Quando somamos a esta realidade as precárias condições de vida dos
vilarejos onde moram os mineiros, a proximidade na execução das
tarefas típicas do seu trabalho e o fato de estas não terem sido
interrompidas mesmo após a detecção do contágio nas mineradoras
temos como resultado a preparação de um terreno fértil para as
formas mais devastadoras da Covid-19.
A
baixa taxa de desemprego medida pelos institutos governamentais
esconde uma realidade aterradora. Longe de termos postos de trabalho
que oferecem alguma proteção social, os anos de crescimento
econômico deixaram quase intocada a informalidade que caracteriza o
mercado de trabalho do país.
Em
2004, cerca de 80 em cada 100 trabalhadores não possuíam nenhum
vínculo formal de emprego.

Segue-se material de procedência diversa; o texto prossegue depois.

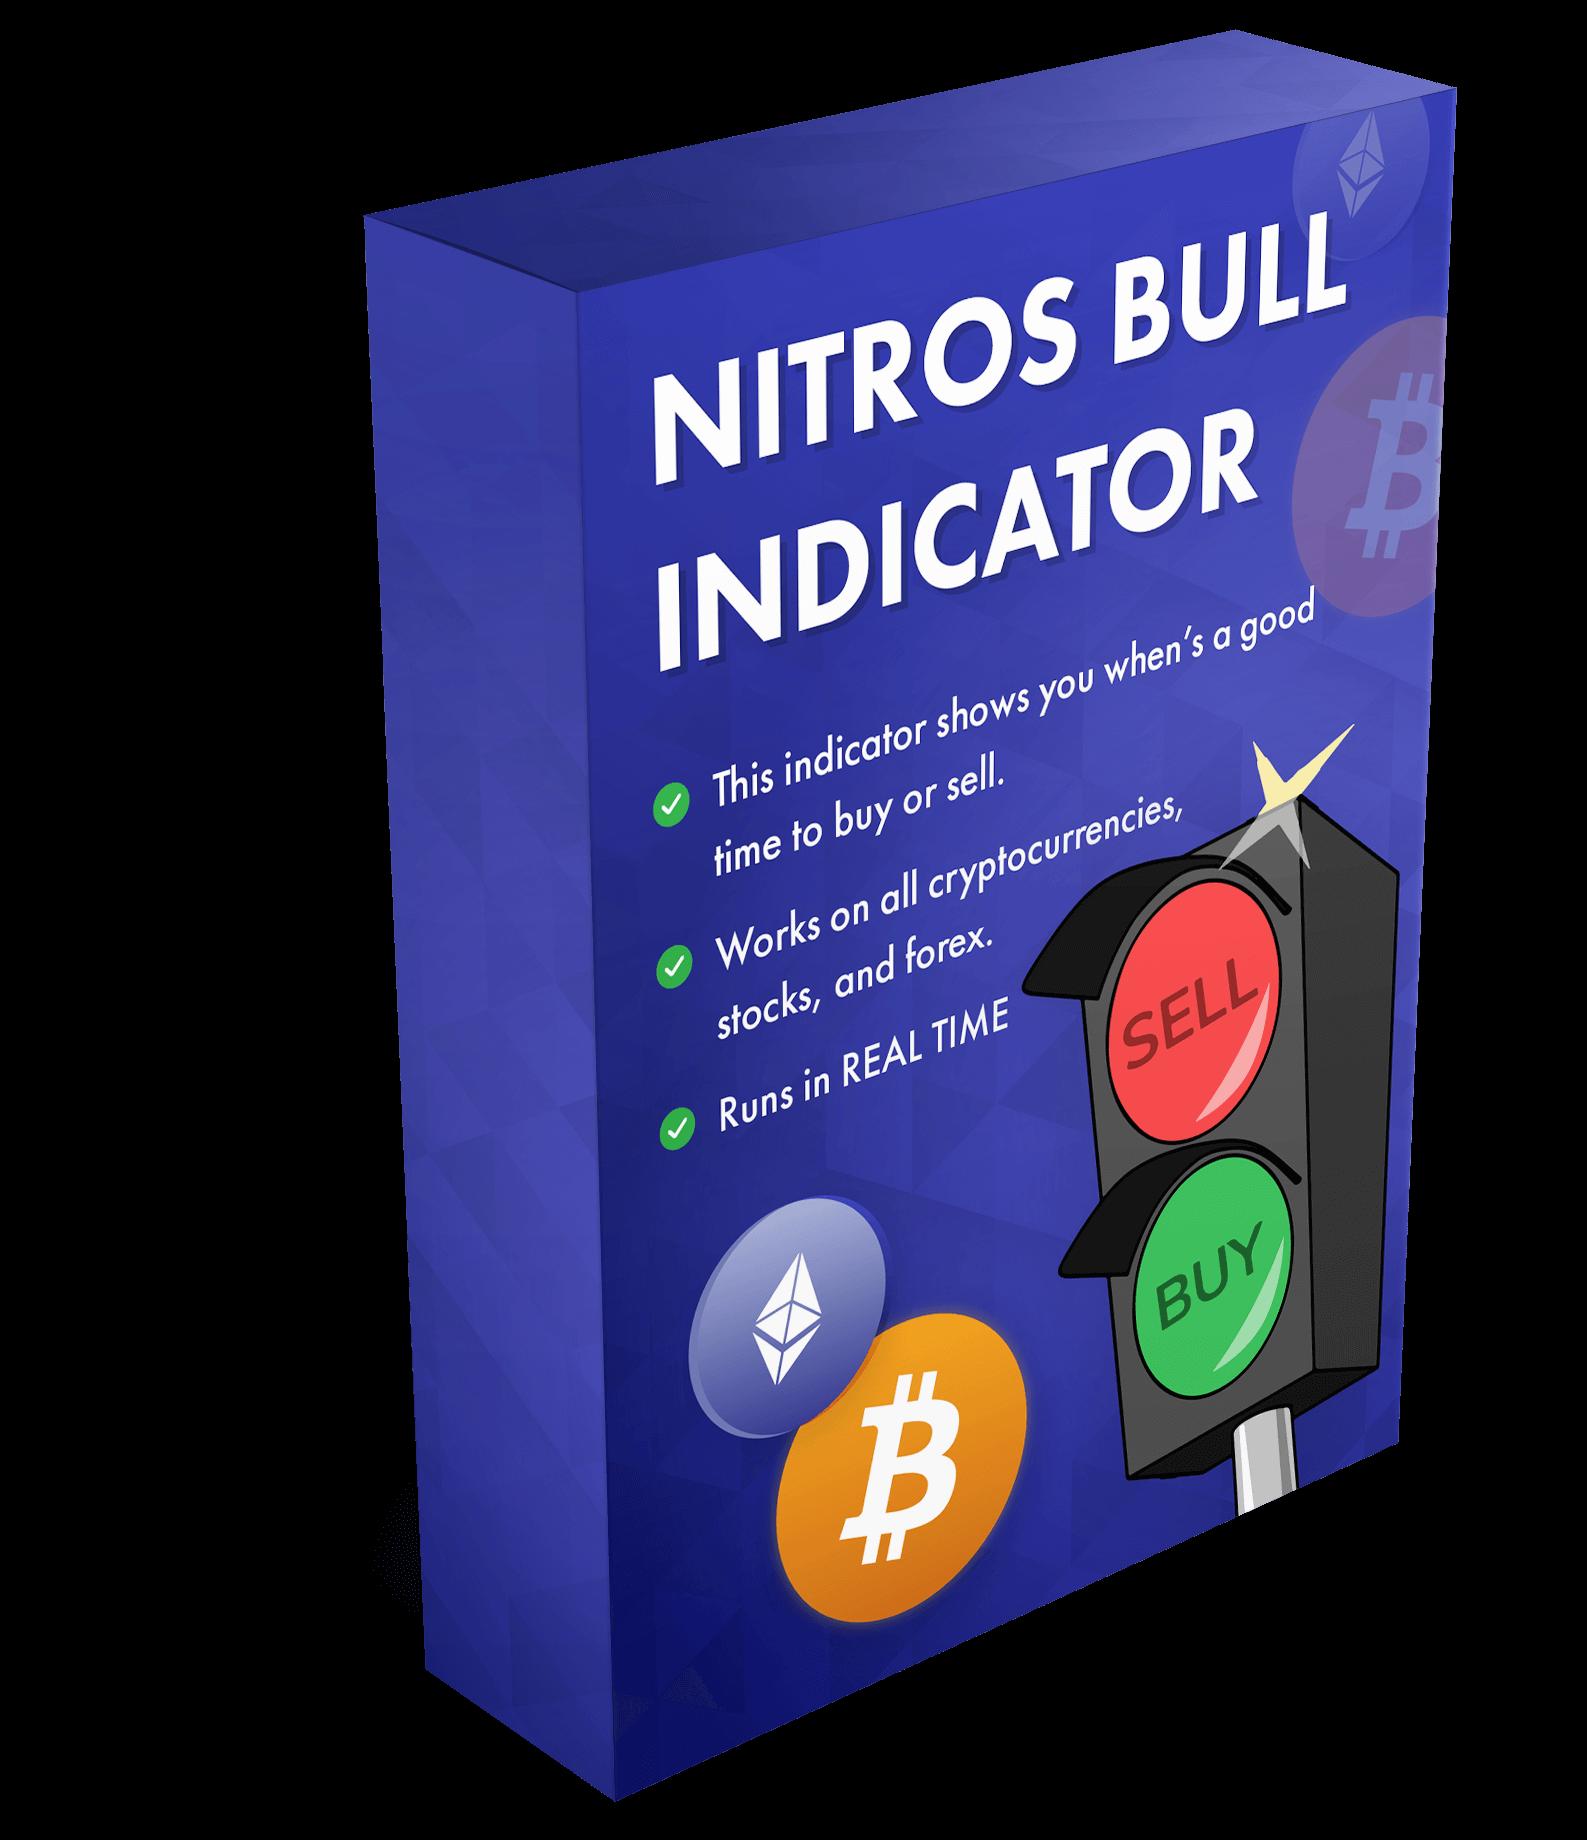 Nitros Bull

Este número desceu a 65 em cada 100, em
2018, o patamar mais baixo registrado pelas pesquisas; e, em 2019, a
informalidade voltou a subir, alcançando 71%.48
Ou seja, 71 em cada 100 pessoas sobrevivem com aquilo que conseguem
ganhar dia após dia e não têm acesso a nenhuma forma de proteção
social.
Em
meados de março, o governo do Peru criou um bônus de 760 sóis
peruanos (U$222) a ser pago a 6 milhões e 800 mil lares mais pobres.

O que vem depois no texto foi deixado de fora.